Btw - I love NYC...chili hotdogs, crazy cabbers, New Year's eve, Broadway, working on scripts in 42nd Street Cafe until 4am in the morning.....please don't get me started!  I love the positives and I think the negatives (also a long list) go with it. And no matter how long I've lived abroad - mostly due to my job and the fact that I'm married to a German who would rather move to SA than NYC - I will always be a Manhattan girl at heart. And if anyone wants to move to NYC, no matter how many negative experiences I have had there, I would always encourage them to try it for at least a year. It may not be for everyone but give it a try, I would say. The experience will definitely change you...for better or for worse, who knows?...and does it matter?


----------



## MinilumpisMama (Jul 27, 2010)

vegasboy said:


> Dear MinilumpisMama, Thank you for your admonishment. In all fairness, this thread has a history which does not reflect in it, and was started in cruel retaliation to other posts. This thread is going nowhere. I think it would be better if Jojo could close this thread so someone else could start a positive one.


Hi vegasboy....you must really love life if you really do live in Vegas. You lose all sense of time, which is not always a bad thing . I spent my 35th birthday in Vegas with family and a bunch of friends from Germany. I wanted a really glitzy and cheesy birthday and I loved it! 

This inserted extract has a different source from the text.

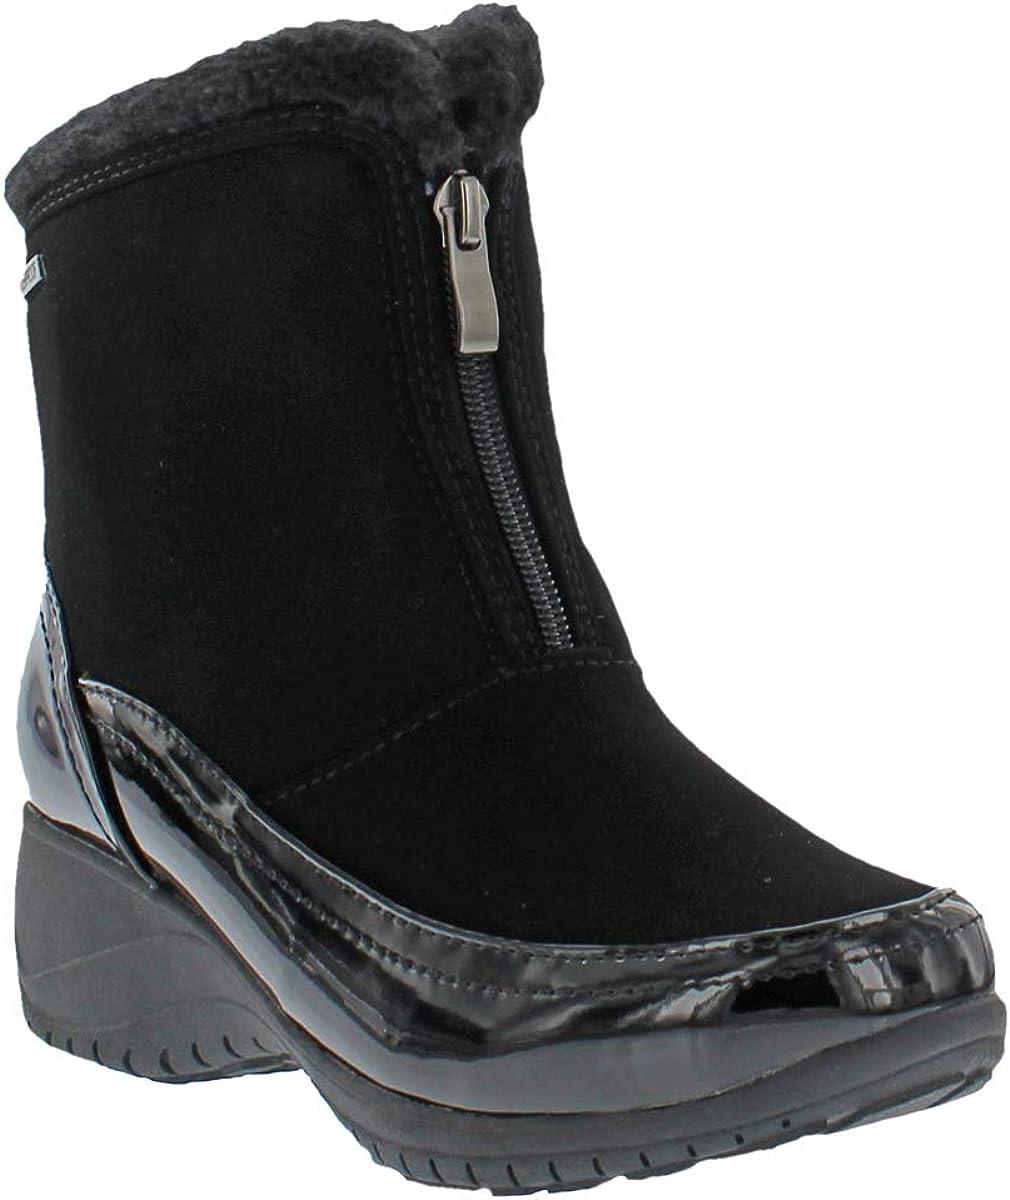 Khombu Alice 3 Boots for Women, Black

Anyway, thanks for your take on my post. Maybe you're right and it might be better to start a new thread. We'll let the administrator decide.


----------



## Daxk (Jan 20, 2008)

"I would say. The experience will definitely change you...for better or for worse, who knows?...and does it matter? "

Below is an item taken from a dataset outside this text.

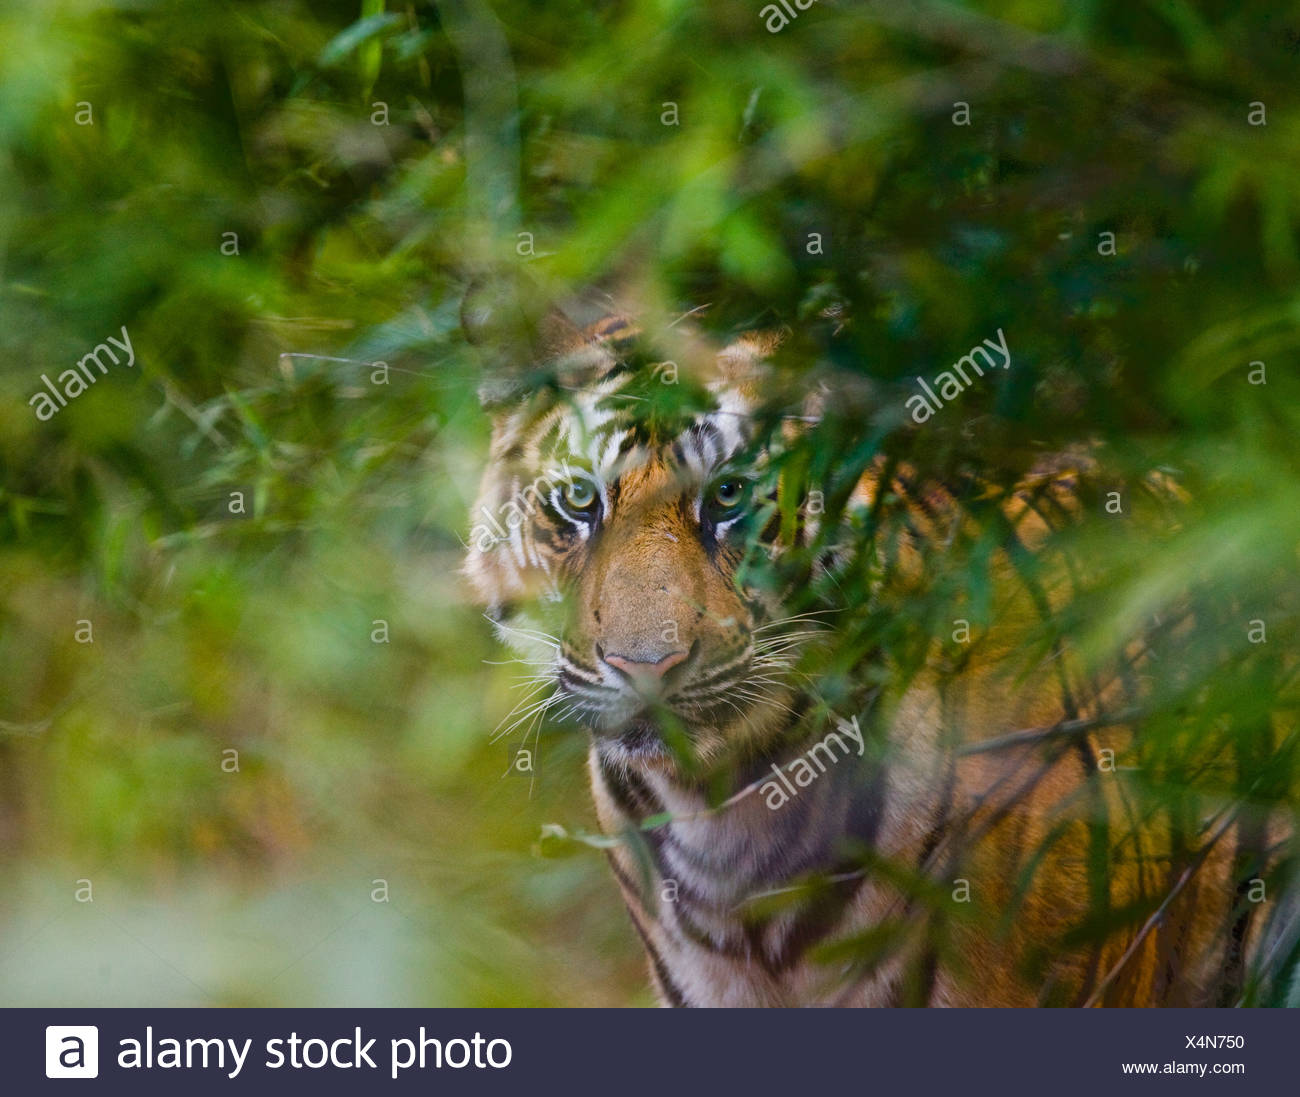 Indian Tiger, Bandhavgarh National Park, India (Panthera tigris) Immagini Stock

It only matters if someone is looking for any justification to do what they wish to do already.
he one over riding statement from every naysayer who still posts o here is... do whatever you want, but do it well informed.
this post was started by someone who came in, posted to create inflammatory discussion...
started this thread..... AND HAS NOT POSTED SINCE!

Go to SA, Please do.
Make a difference.. Please Do.

But one thing I will agree with you, if you make a mistake, at the wrong time, and that could be in the bad area that might be your Home or your car, because you are not as aware as you should be, then it will CHANGE your life, and it WILL matter.

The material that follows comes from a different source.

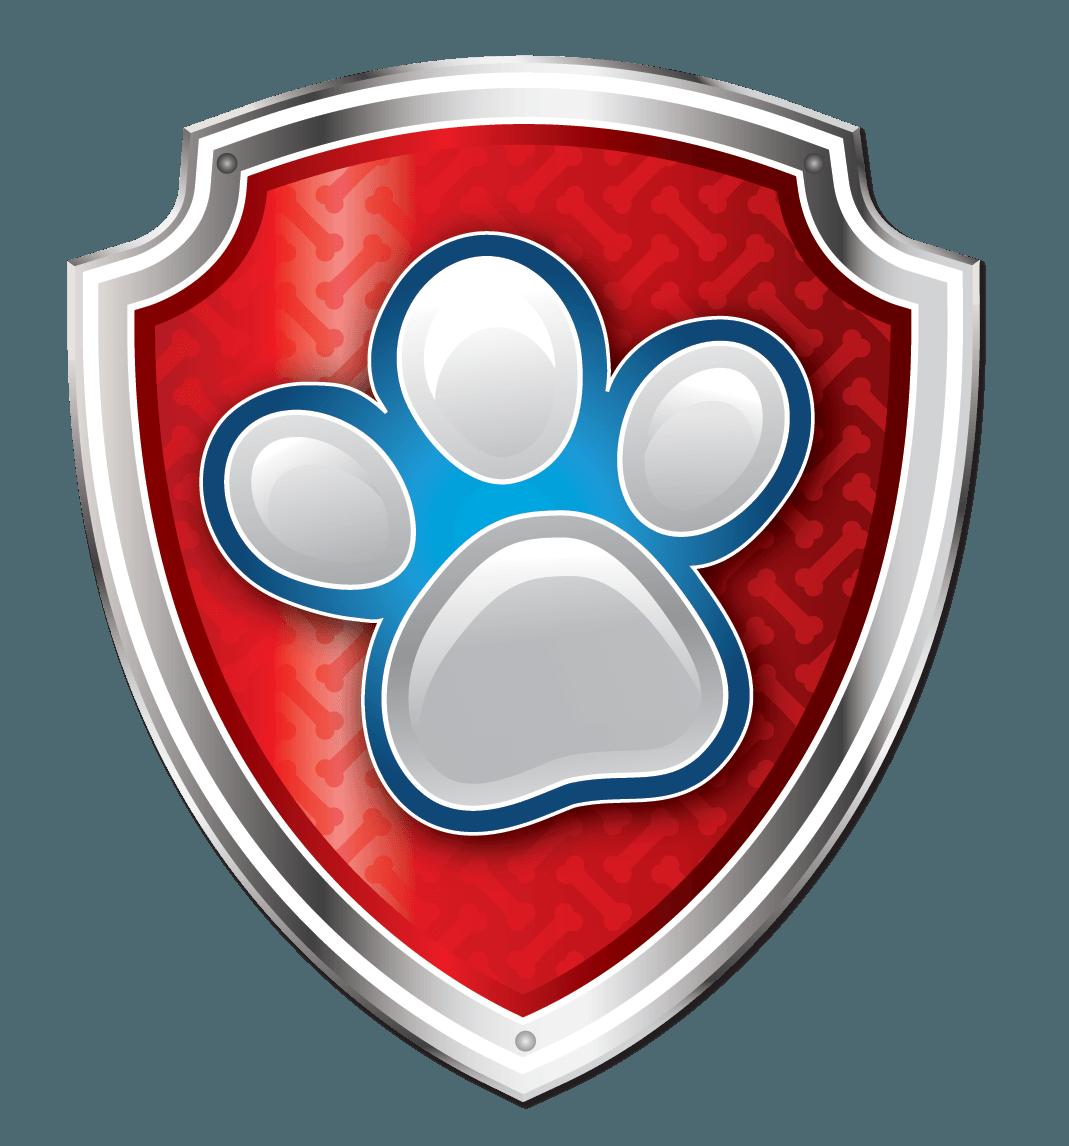 logos escudos paw patrol o patrulla canina para imprimir gratis todo peques. Black Bedroom Furniture Sets. Home Design Ideas

enjoy SA, it ISa beautiful place, itDOES have great people..
but it needs to sort some things out urgently.
and not talking about them is something they are trying to impliment right now, as law.


----------



## MinilumpisMama (Jul 27, 2010)

Hey *BeautifulMystique*, your posts have helped me as well. My husband and I are moving to SA in the next 3 to 5 years which is a really big move for us because we have children, businesses and houses to sell and buy etc. So we're giving up a lot but hopefully to get a lot as well....but not necessarily financially. Your input has also helped a great deal and I hope, no matter what may happen to you in SA or in the Cape Town area, that you will always keep your high hopes and enthusiasm. God knows we may need it - and be contacting you for some of it - soon 

But glad that you like CT and that your experiences have been good so far. I hope and pray that it stays that way for you.

There is also someone who posted here a while back whose posts I really enjoyed reading. 
*dirussell*, if you're still reading this thread, thanks for your posts. I also enjoyed reading your blog.


----------



## BeautifulMystique (Mar 17, 2008)

I must say you're really something else, MM. You seem very level-headed and see things from all perspectives.

I agree with you that those who have only been in SA for a few weeks or even months have the right to enjoy their new-found enthusiasm. I do hear awful stories from friends I have made in Cape Town and even before I left, I have friends telling me I am crazy for moving here but I believe that one has to come here to experience everything herself - good and bad. After all, it is MY life. I'm not stupid or naive enough to walk around in dark places or go anywhere all by myself, heck I don't even do that in my own country.



MinilumpisMama said:


> I respect every imput especially if I'm to make an informed decision about moving to Cape Town but I don't only want to read about the negatives - on every single thread! It gets tiring. I also mentioned that I found some of the negative comments helpful when expressed in the right place. This is not that place.


This is where you differ from some people - you respect every input regardless if they were negative or positive.

And yes, it does get tiring and for me, it can be a yawn-fest!

I love being here, I find it better to get perspectives from those in their 30s or so, to be honest. Refreshing and even their parents seem to have better things to say about SA!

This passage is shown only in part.